3 men are standing in front of an RFDS aircraft. Liane's father is on the right hand-side leaning against the plane. The image is in black and white.

Following in her father’s footsteps

Date published

21 Jul 2022

Western Queenslander Liane Spencer has a lifelong connection with The Flying Doctor, working as the Charleville Base Manager, metres away from the hangar that her father serviced RFDS aircrafts for more than 30 years.

Liane Spencer has blonde hair and is wearing a navy RFDS uniform smiling at the camera.

Liane grew up spending time in the Trans Australia Airline (TAA) hangar where her father, Gordon Fraser, worked as an ‘innovator’ servicing the planes that assist in many aeromedical rescues keeping rural Queenslanders safe and within reach of medical assistance.

“In dad’s days, engineering was officially outsourced to Trans Australia, meaning Gordon not only did the maintenance on the Fokker Friendships for TAA but also the Flying Doctor planes as well, often having to fly to remote locations to get the crew back in the air.

“He was however an RFDS man at heart, forming many strong friendships with the RFDS staff.

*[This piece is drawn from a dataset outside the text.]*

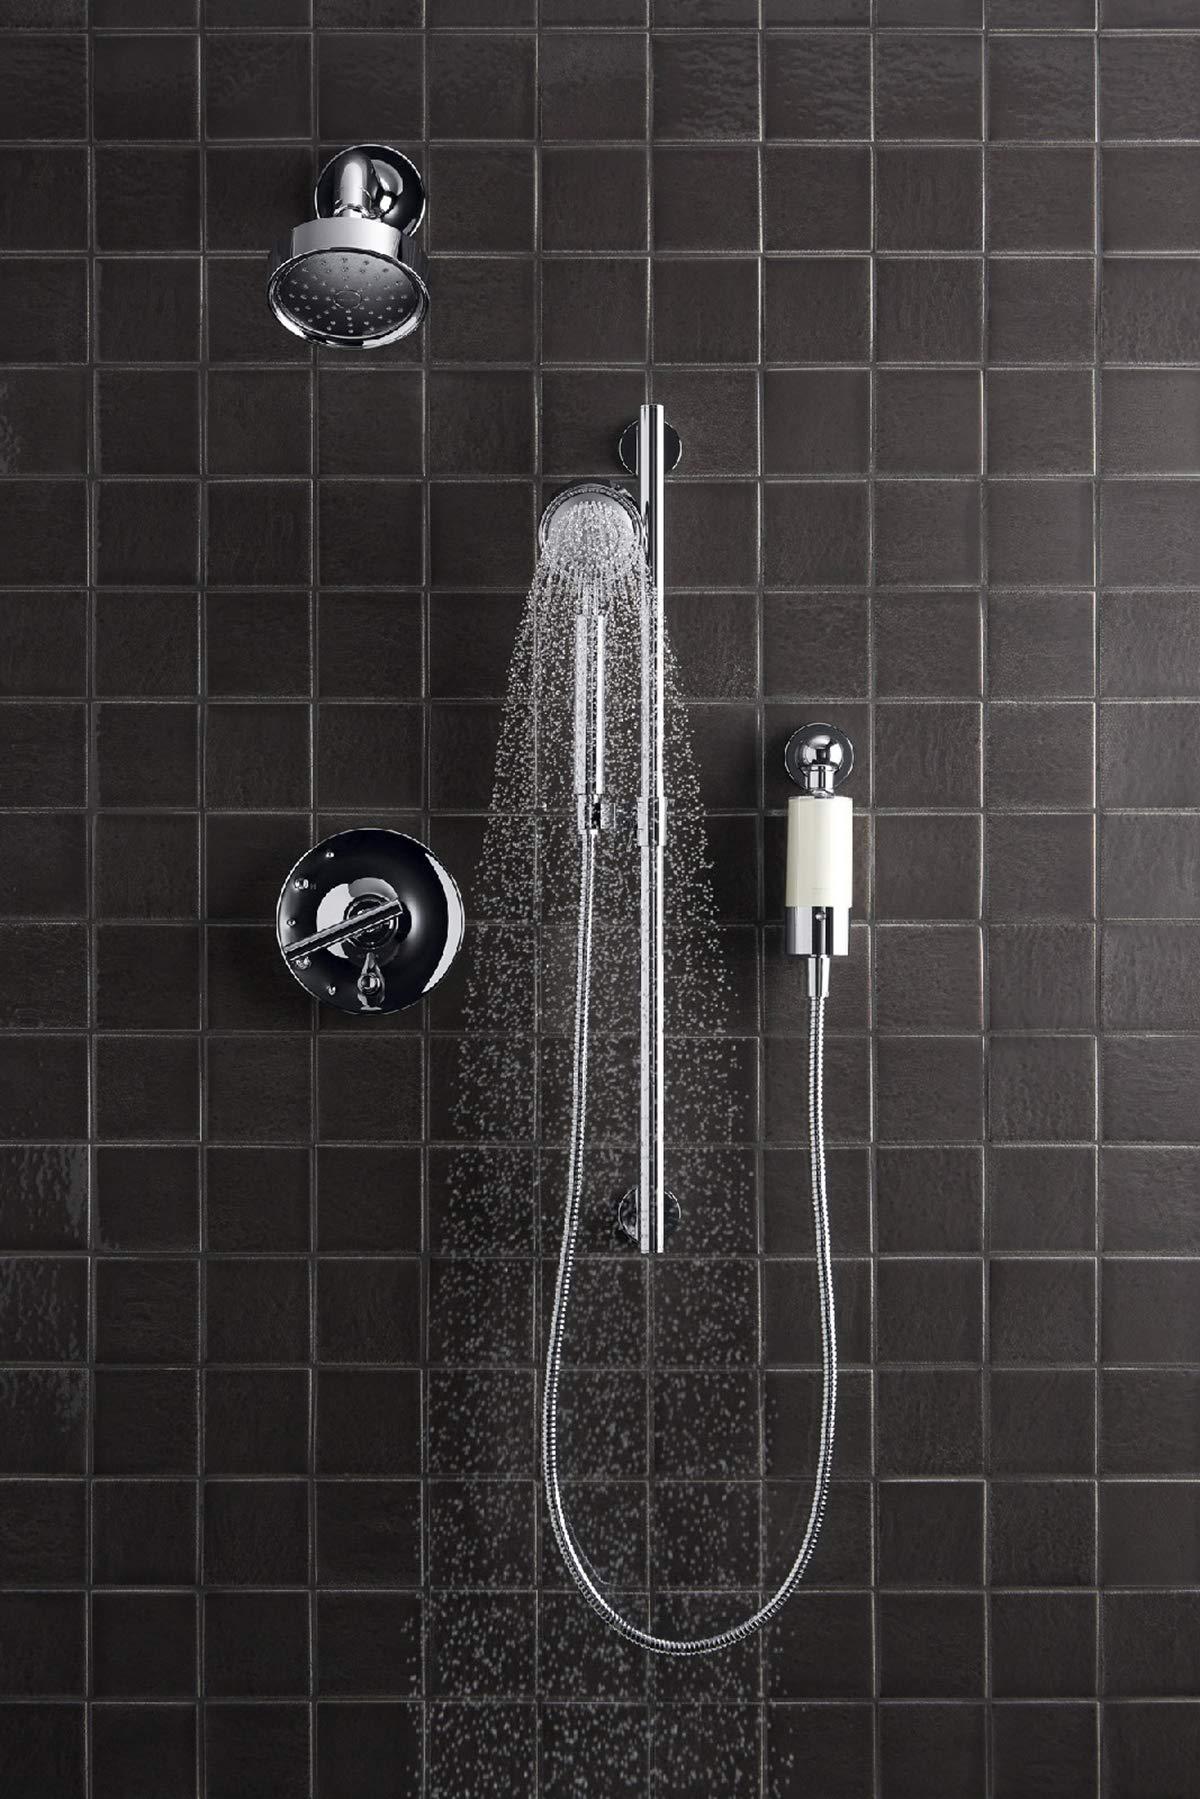 Kohler 30646-CP Aquifer Shower Water Filtration System, Reduce Chlorine and Odor, Includes Filter Replacement by Kohler (Image #8)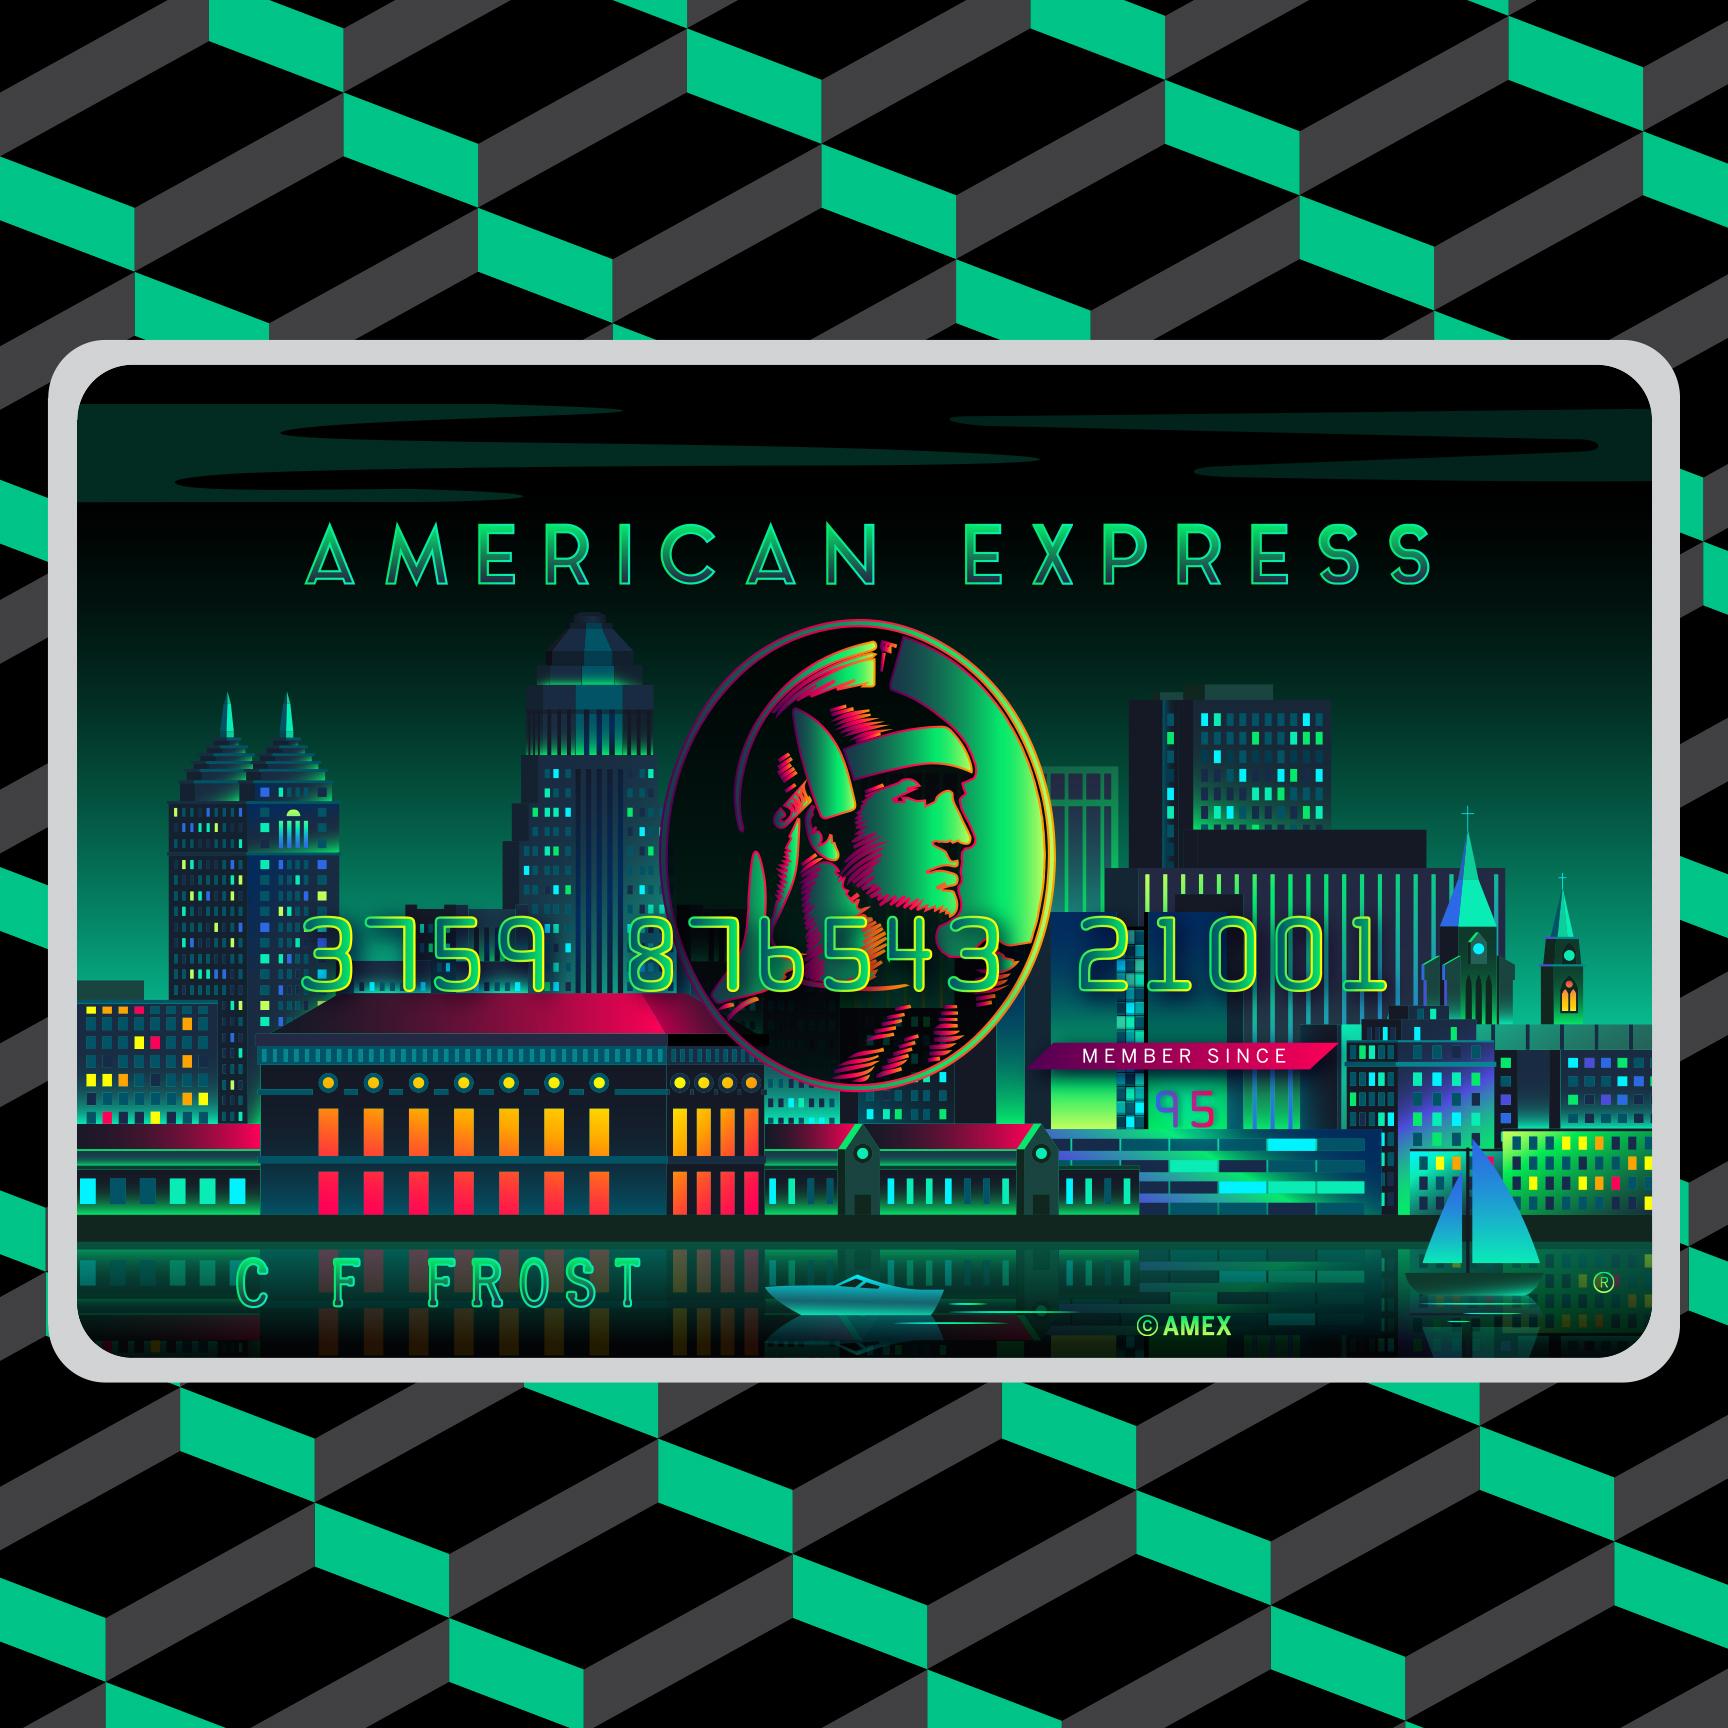 American Express Card Art AHA Design 1728x1728

So many of my early memories are spending time with him in the hangar, and him telling me about how much he enjoyed his time with the organisation and instilling in me his love of aircraft” Liane said.

IMAGE: Katrina Lehmann

“When the opportunity to work for the RFDS came along I knew I had to take it, and I love coming to work every day and seeing that the special impact he had on the community in Charleville is honoured.”

Acting as the glue that holds the Charleville Base together, Liane works with what she believes are some of the smartest people - Doctors, Nurses and Engineers - and they treat her with the utmost respect, knowing that her role is just as important to theirs.

The handwritten note by Liane's father, Gordon Fraser, in blue ink.

A handwritten note from Gordon shows the extent that he had to go to, to ensure that the aircrafts were fit for travelling.

“It’s mind blowing to see the changes that have happened over the years between dad’s time and now – the RFDS of today has world-class engineers and technology, but back in his day, they had to innovate and work with what they could to keep the aircraft running during the weeks it took to get parts in.

“I’m just very pleased that the one consistent between dad’s time and mine, is that the incredible team culture has still stayed the same. Working for the RFDS is by far the best job in town, there is so much diversity in daily tasks, plus I work alongside the smartest people who all treat each other with incredible amounts of respect.” Liane said.